Market, Restaurant, Street Food
Malmö Saluhall is a charming place by the harbour that’s perfect for a late lunch or early dinner (be sure to check the opening hours before visiting, as it closes early in the evening). The food market has a number of great traders – Pink Head Noodle Bar, which also has its own restaurant nearby, does tasty noodles, and the fish at Söderholmens Fisk and pizza at Hedvigsdal are some of the other highlights. It’s a good space for larger groups; everyone is sure to find something they love from the stalls.
Far i Hatten
Bar, Restaurant, European, Italian, $$$
Any Malmöit (person from Malmö) will tell you that Folkets Park – the inner-city park – is where it’s at; there’s always something happening at one of the venues here. Far i Hatten is a popular bar and restaurant in the middle of the park, open Wednesday to Sunday. The big courtyard is a busy hangout space in the summer, while in the winter, the focus is on the restaurant located inside the cute, old-fashioned timber buildings that make up the venue. A restaurant and entertainment space has been here since the 19th century, and is still a popular spot for a fun night out. The food is great, too – choose between their stone-baked pizzas or mix and match the smaller plates, which include dishes featuring jerusalem artichoke, pork belly and roast pumpkin. You can also let the kitchen create a menu for you for a set price.
Restaurant, Japanese, $$$
Cosy Davidshallstorg, a square in the middle of Malmö, is home to plenty of vintage shops, bars and cafés, as well as one of Malmö’s best sushi places, Hai. The name is a bit of a pun: it means “yes” in Japanese, but sounds a lot like the way southern Swedes say “hej” when they greet each other. The extensive menu features exquisite sushi, as well as a selection of robatayaki, yakisoba and other hot dishes at good prices. The fresh tuna poke bowl is another great, well-priced option, and there’s a selection of udon soups for cold days. Staff are friendly and helpful, and Hai’s outdoor tables with a view of the square is a lovely place to spend a summer evening.
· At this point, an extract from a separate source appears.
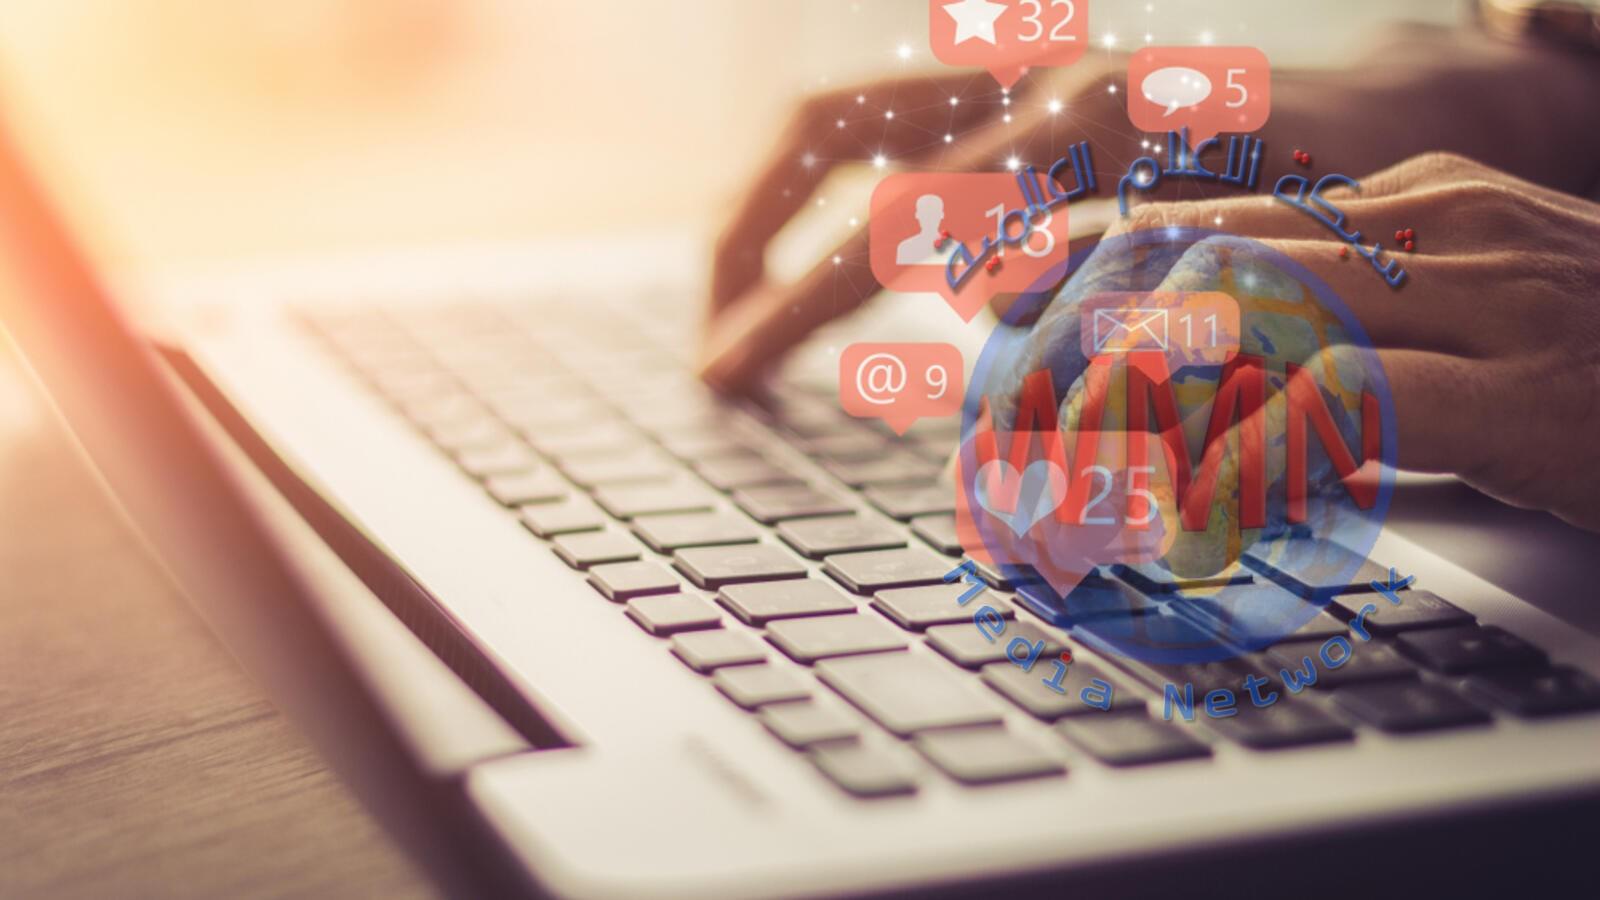 كيف تكتشف تعقب مواقع التواصل ومحركات البحث لبياناتك؟

Restaurant, Vegetarian, Northern European, $$$
Mineral is an experience for the eyes as well as the stomach. The stylish, pared-down interior with lots of plants is a calm, elegant space for a meal, but the popularity of Mineral means the restaurant also has a bustling, festive atmosphere. At Mineral, the focus is on the wine as much as the food, and the natural wine selection will be a treat even for the most picky wine fan. You’ll find wines from all over the world, as well as a good selection of beers and a few select cocktails, to complement the menu’s ever-changing selection of plant-based dishes.
Restaurant, Seafood, $$$
A coastal city like Malmö naturally has good seafood, but which restaurant does it best? Johan P is a safe bet; a classic Malmö restaurant that specialises in fish and seafood and where the ingredients are bought fresh every morning. They’ll fulfil any fish craving you might have, whether you’re after a lobster roll, scallops, a tuna bourguignon or any of the other delicacies on the menu. The upmarket restaurant does a lunch special as well as a brunch menu, and the location is perfect: in the middle of the shopping district. If you fancy cooking your own fish, Johan P’s seafood shop can help with that, too.
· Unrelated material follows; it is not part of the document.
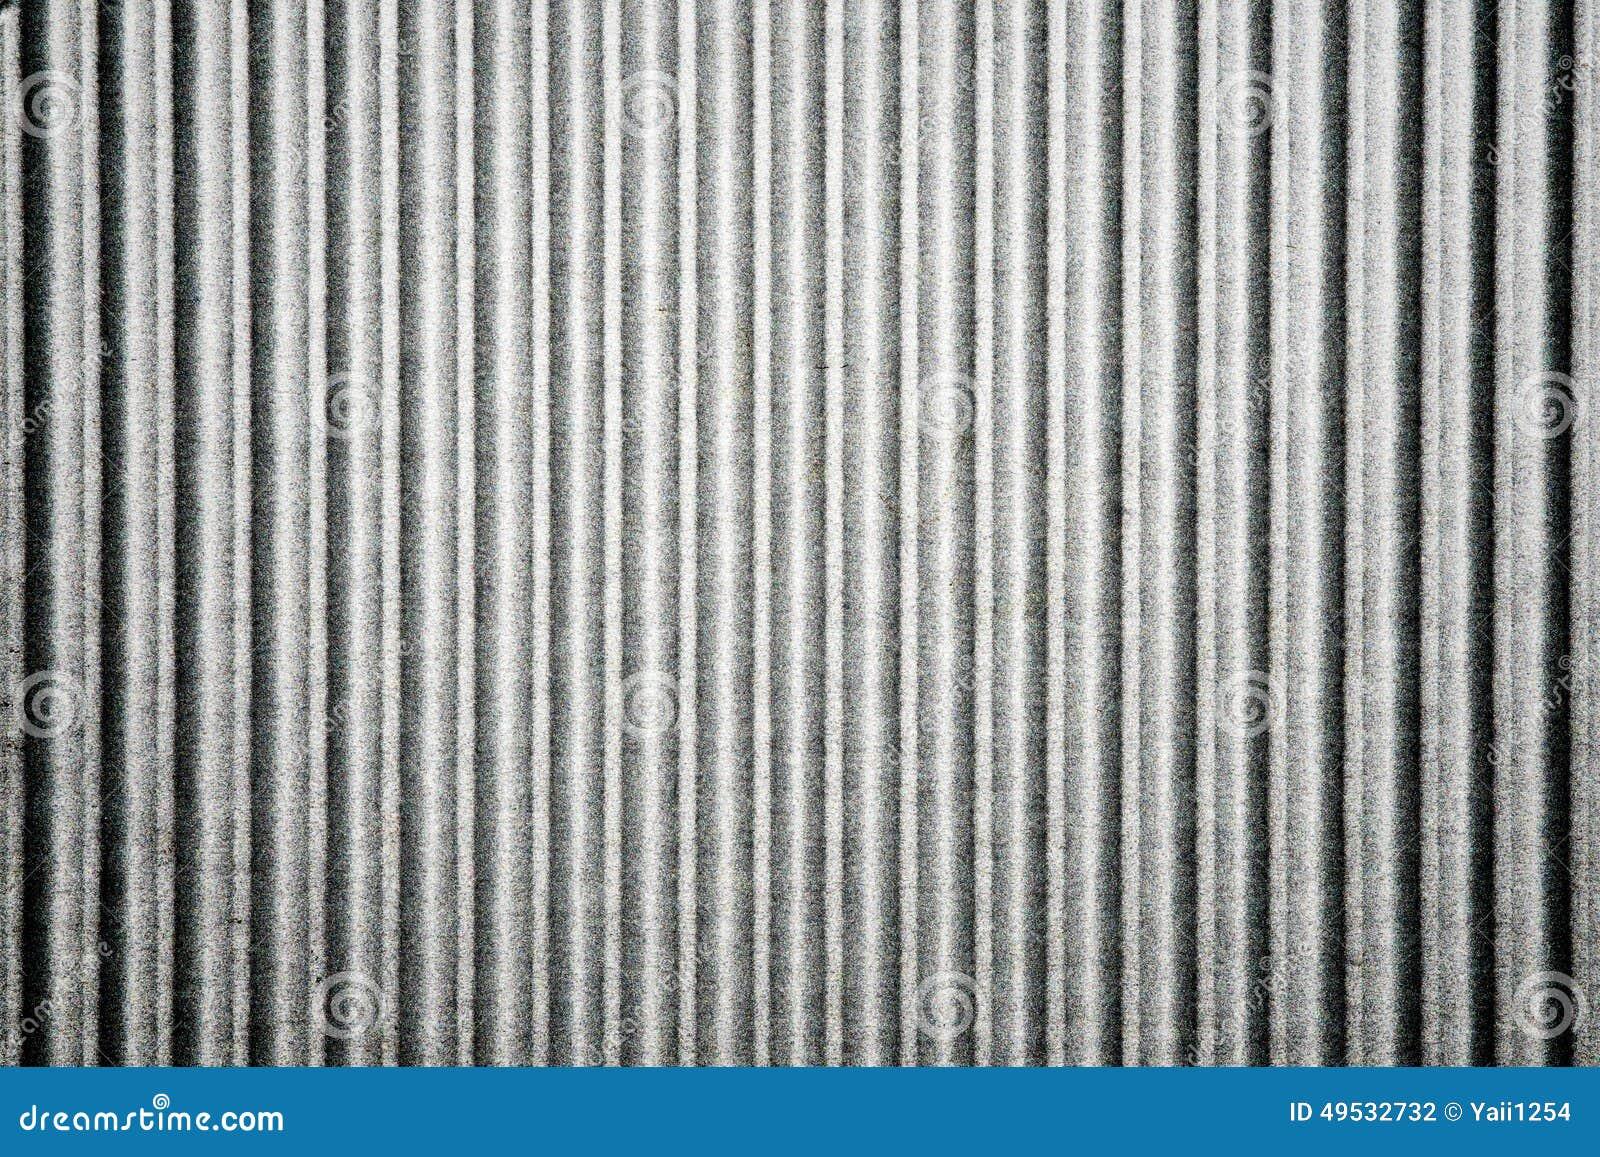 metal background stock photo image 49532732. Black Bedroom Furniture Sets. Home Design Ideas

Bar, Restaurant, Swedish, European, $$$
The trendy yet homely feel of Bastard quickly made it a favourite with food-loving crowds. The open-view kitchen, located right in the middle of the dimly lit dining room, offers honest, classic European fare. There’s a special affection for meat, as one should expect of a restaurant whose logo features a juicy pig. Meals start with the house’s Bastardplanka, a selection of cold cuts served on Bastard’s signature wood plate with a knife stuck into it. For other courses, chef Andreas Dahlberg likes to creatively use succulent off-cuts. This keeps the restaurant affordable while still providing tasty, innovative options for hungry customers.
Restaurant, Swedish, $$$
Lyran’s food makes people use superlatives: it’s been described as “magical” and is regularly at the top of lists of the city’s best restaurants. The restaurant, in the Möllan neighbourhood, only serves set menus, but they’re well-priced and thoughtfully composed. All dishes are made from seasonal ingredients that have been sourced as locally as possible, which means the tasting menu changes daily. One day it might feature fish from the North Sea, Swedish kiwifruit, beef from Skåne and truffles from Umbria, all used to create exciting, innovative dishes, and you can always choose between a vegetarian menu, fish menu or fish-and-meat menu. A must-visit for gourmands.
Restaurant, Chinese, $$$
The oldest Chinese restaurant in Malmö, Kin Long opened in 1964 and is still going strong. The central location is a bonus, but it’s the great food made from seasonal produce that keeps people coming back. Choose a set menu or compose your own from the long list of dishes, which includes a lot of authentic courses not always found in Chinese restaurants in Sweden. The intimate, informal space with its big windows and traditional red Chinese lanterns has a cosy, laid-back atmosphere. Kin Long also recently opened its own wine bar with a homely feel next to the restaurant. Here, visitors can wait for a table to become free, or enjoy a drink after their dinner.
Restaurant, European, Northern European, $$$
Everything is stripped down to the bare essentials at Saltimporten Canteen. The no-frills venue features long, simple wood benches and tables, and the kitchen presents one set menu, plus a vegetarian option. But far from being a weakness, simplicity is Saltimporten Canteen’s winning point. This is the place to go for a tranquil Nordic-style lunch, and to taste interesting and unexpected Scandinavian dishes. These are frequently transformed or replaced altogether, and prepared with fresh produce from local suppliers. The delicious bread and light beer that accompany the food are also noteworthy.
Restaurant, Korean, $$$
Korea meets Sweden at Namu, a Korean restaurant in the middle of Malmö. It was awarded a Bib Gourmand by the Michelin Guide in 2017 and serves Korean dishes like kimchi and beef gangnam-style. There’s a lovely lunch menu here, too, with different kinds of bibimbap as well as ramyun and bokkum, all made from local produce. One of the best places to go for Asian food in the city – no wonder, considering that the chef, Jennie Walldén, won the Swedish version of Masterchef in 2013 and has refined her skills even more since.
Bloom in the Park
Restaurant, Swedish, European, Vegan, Vegetarian, $$$
Visiting Malmö’s Bloom in the Park is a surprise every time. The talented chefs Titti Qvarnström and André Schink have embraced a no-menu philosophy, which consists of deciding on new dishes daily, based on the available ingredients and their current mood. The kitchen’s overall approach, however, leans towards an experimental and unpredictable deconstruction of classic French cuisine. The venue is characterised by a modern, sleek interpretation of elegant interior design. The interlocking white panels that cover the wall stand out as the most unique feature: an original setting that matches the eclectic food. Bloom in the Park also offers a take-away service and a tearoom in which to enjoy a relaxing break during the day.
These recommendations were updated on January 17, 2020 to keep your travel plans fresh.